Well, as some of you may have already experienced, it doesn’t quite work that easily. The symptom was that I could not reach the second server. In fact the second server had issues reaching the network consistently as well. After some research I found out that it was due to the way that the NLB handles mac-addresses and the NLB Cluster IP and the way that VMWare handle RARP flood requests. I am not going to deep dive right now but you can find out more about it here. . The short of it was that I needed to configure the NLB in Multicast Mode. So I did, and that too didn’t work. So I took it to the next level and disabled RARP transmission as outlined here, and all seemed good… for a while. V-Motion was acting up after that, mainly because VMWare did not notify the host that the virtual server moved. This ruined my plans for dynamic VM resource management for the entire vswitch. There had to be a better way

I dug down deeper and really began honing in on the ARP/MAC and Cluster IP issue. I started looking at my Cisco switch for ways to solve my problem. I found it. I needed to create static ARP and MAC entries in my switches directly connected to the VM Host. The following commands worked for me (edited of course)

Config t

arp 10.0.100.10 03bf.0a00.640a ARPA

mac-address-table static 03bf.0a00.640a vlan 1 int Fa0/1 Fa0/15 Fa0/16

wr mem

  • Where 10.0.100.10 is the NLB Cluster IP address
  • 03bf.0a00.640a is the virtual MAC address of the NLB Cluster itself
  • vlan 1 is the vlan that the vswitch the VM is on
  • Fa0/1 Fa0/15 Fa0/16 are the interfaces connecting to the VM Hosts

And I had stability at layer 2/3… but of course that was not good enough.

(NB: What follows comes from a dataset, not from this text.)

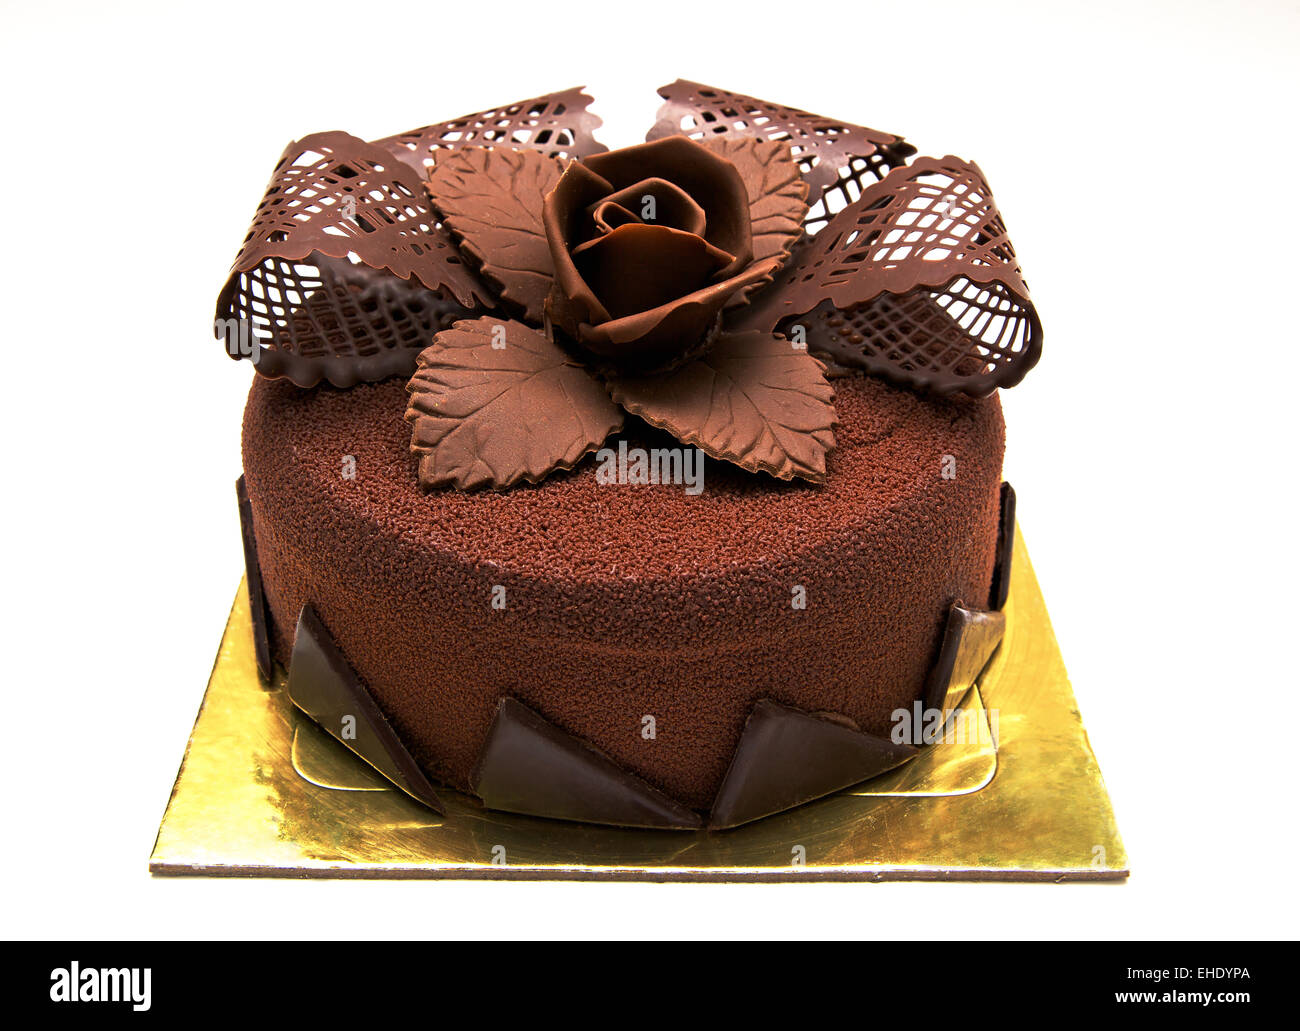 Chokolate cake with decorations Stock Photo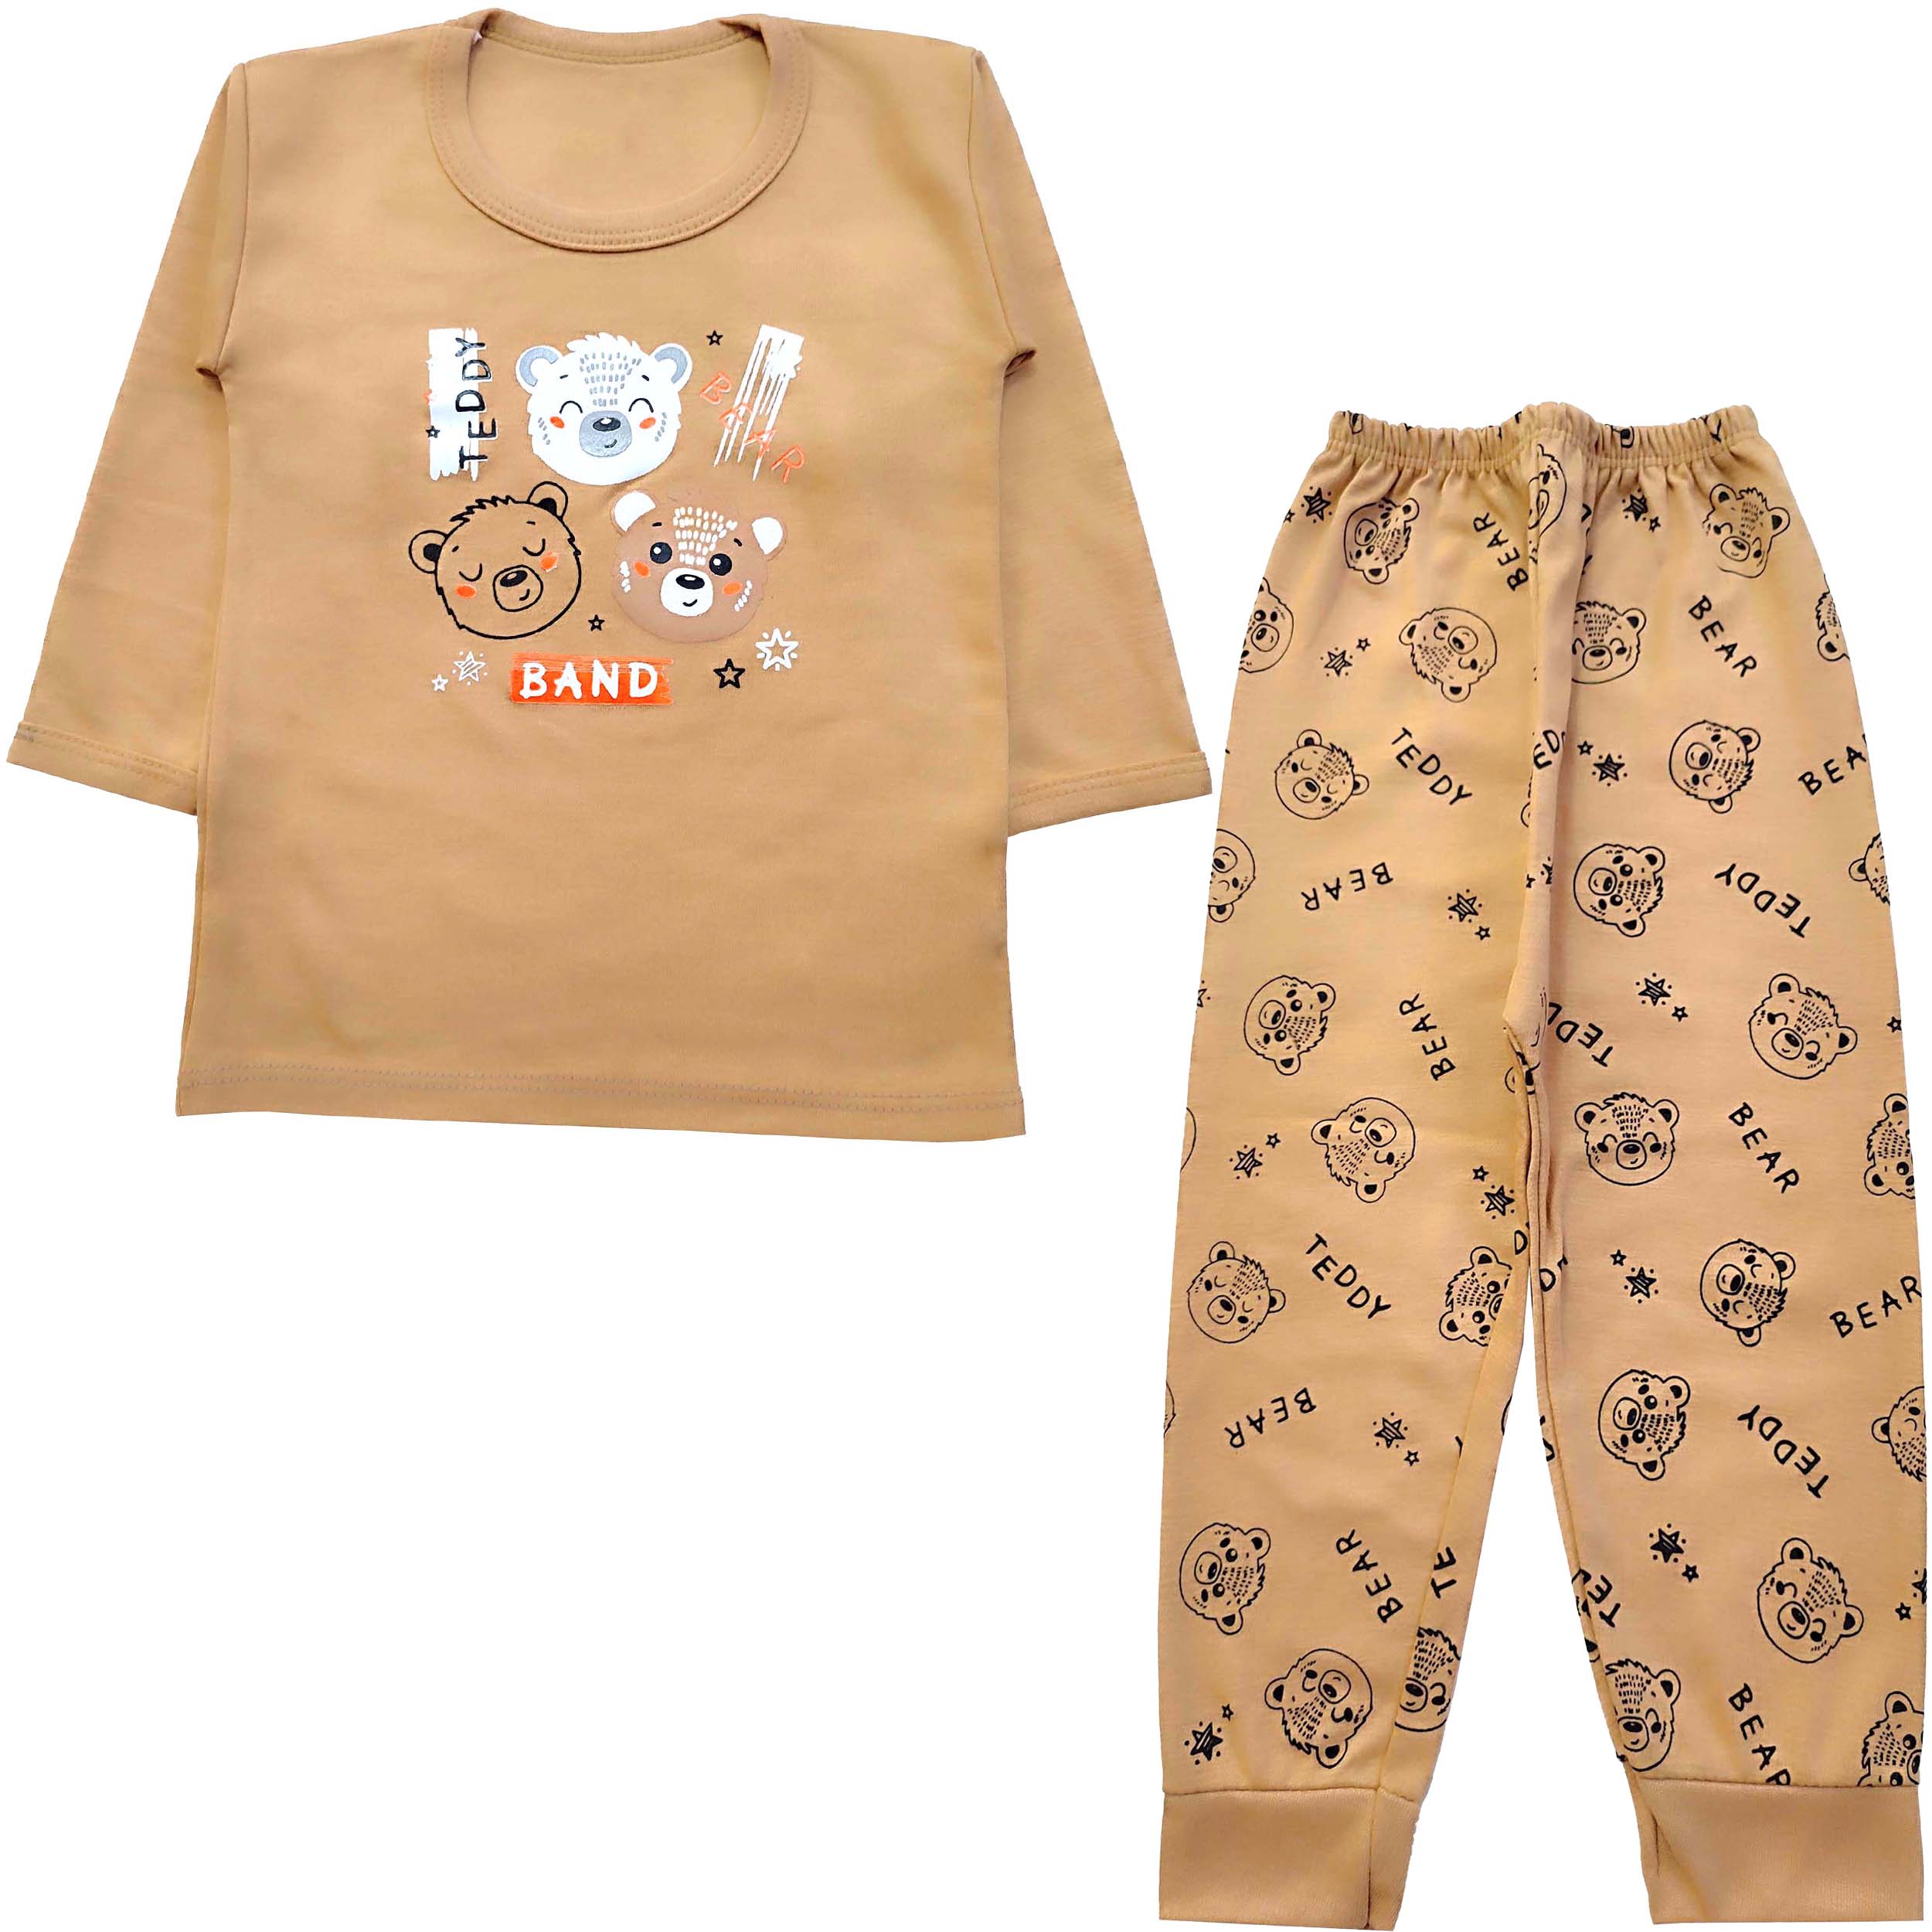 ست تی شرت و شلوار نوزادی مدل کله خرس کد 3927 رنگ نسکافه ای -  - 3

Shortly thereafter I started getting complaints that the performance was just too slow. I looked at the summary of the VM and I saw that the Consumed Host CPU was minimal and that the memory was also minimal. It was then that I started thinking virtually, not physically. VMWare has an evil habit of waiting until all the assigned cores are available before putting through a process. When I have a 4 core requirement, on a relatively busy VM Host, it takes a long time to get all 4 core’s free to get anything done. So I began to employ the Zerg Rush strategy for TS boxes (hey it worked in Starcraft). I created a small 2 core 4 GB ram TS template and deployed many of them. We have licenses for Server 2003 Enterprise and therefore had a 1 to 3 exchange rate of Physical to Virtual. I also kept most of them on the same VM Host since similar applications would be competing for 2 cores in a similar way, thus giving preference to none. My performance woes seemed to disappear, but as you can guess… seeming is believing.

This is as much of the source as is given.